The following year she returned to New York for the First Session of the United Nations General Assembly (Second Part) as the leader of the Indian delegation. Here she heralded soon-to-be-independent India’s arrival on the international stage with an attack on The Union of South Africa’s discriminatory legislation against its resident Indian population. Through a resolution that framed racial discrimination as a global issue, Pandit led a historic defeat of the South African delegation and earned herself an international reputation as a champion of Asian and African rights.
Pandit’s appointment as the only woman leader of a national delegation at the UN in 1946 was the beginning of a pioneering international career. She returned to represent India at the UN on several occasions and in 1953 became the first woman President of the UN General Assembly. She also served as Indian Ambassador to the Soviet Union (1947-49) and to the United States of America (1949-51), and as High Commissioner to the United Kingdom (1954-61). This exceptional career was subversive, countering universally dominant assumptions about women’s place and abilities.
During her debut speech at the UN General Assembly in 1946, Pandit expressed the radical hope that ‘women of all countries will have the occasion to participate more fully with men in all departments of life, including the work of this Assembly, thus helping to create a better and more balanced world.’ Neither the role of such rhetoric in normalizing the concept of gender equality, nor Pandit’s significance as a pioneer and role model, should be ignored. However, her career as a dangerous woman is hardly a straightforward feminist narrative.
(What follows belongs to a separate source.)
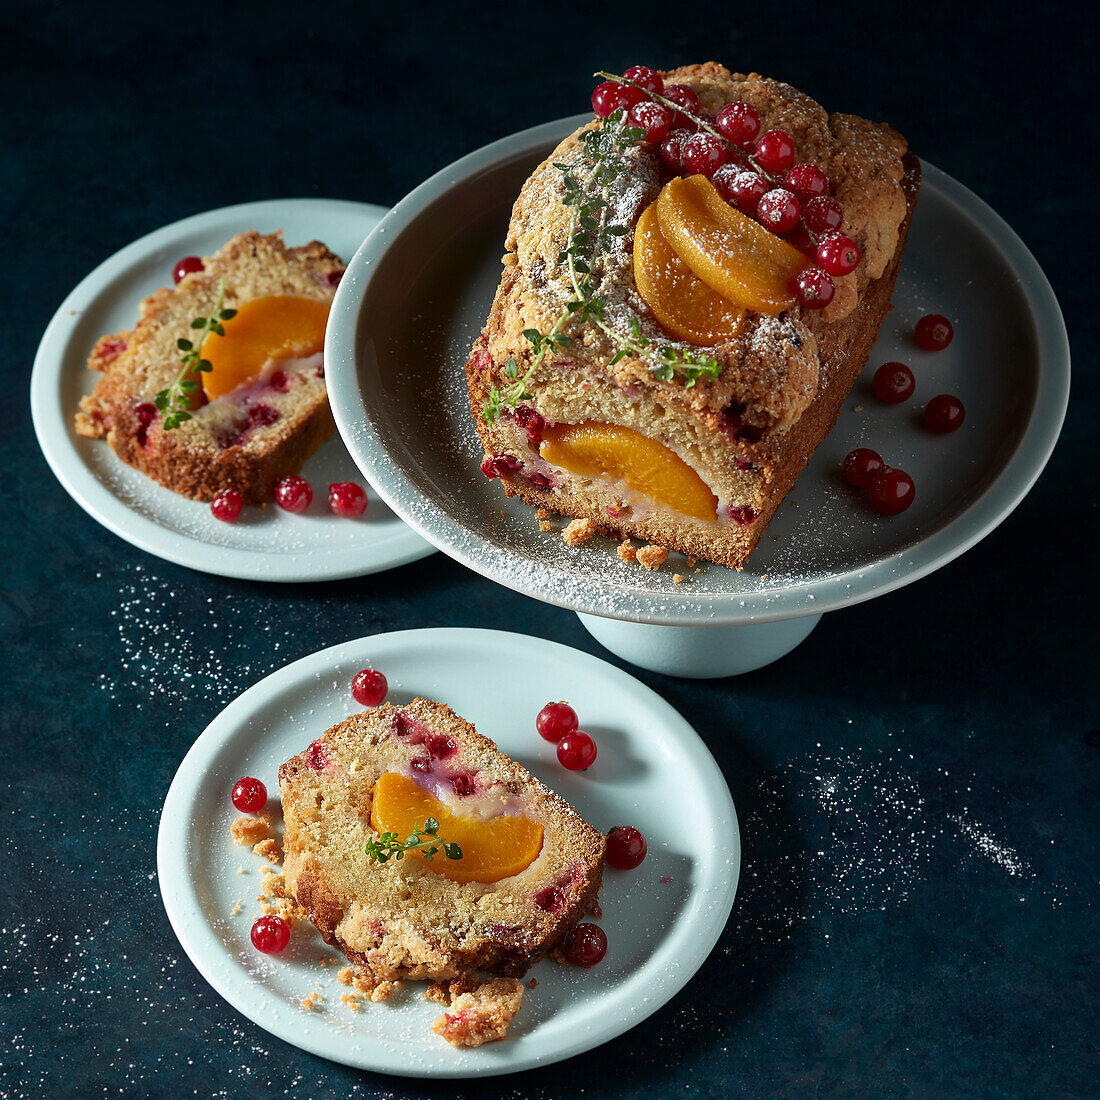 Crumble cake with peaches and currants

Pandit was a product of the struggle between imperialism and nationalism, in which both sides sought legitimacy through their claim to emancipate Indian women. Working amid the competing claims of gender and nation, Pandit regularly traded on her own personal achievements in order to favourably contrast the status of Indian women with the sexism she observed in Western society. This was a repost, in part, to the condescending attitude of Western feminists towards Indian women, but in her attempt to boost India’s international prestige she passed over both the genuine gender and class disparities of Indian society and the structural disadvantages shared by women globally.
When it came to Indian women, Pandit was undoubtedly conscious of her role as a trailblazer, remarking in her autobiography that ‘as I see the new generation forging ahead, my heart is full of joy because it is my colleagues and I who built the road on which these girls can walk forward today.’ She clearly prized this legacy, planning, in 1984, to write a book entitled Forgotten Women ‘about the several women who have contributed to the national progress on many levels but who seem to have been completely forgotten.’
Although gender equality was guaranteed in the constitution of India (1950), advocates of women’s rights faced strong conservative opposition in the decades after independence. The Hindu Code Bill, for example, which was designed to overhaul regressive social practices, made slow progress amid claims it signaled the destruction of the Hindu family. For social conservatives, Pandit’s personification as a liberated, professional woman who operated outside traditional social constraints was indeed dangerous. At the same time, however, an unintended consequence of her international career may have been that it preserved the illusion of real gender equality in India while Pandit, the progressive figure, was excluded from domestic public life.
We can only speculate what impact Pandit might have had on Indian gender politics had she spent more time in India after independence. But if, by working in the global public sphere, she was effectively disempowered in India, social conservatives might have concluded that a detached international space was the safest place for a dangerous woman to be.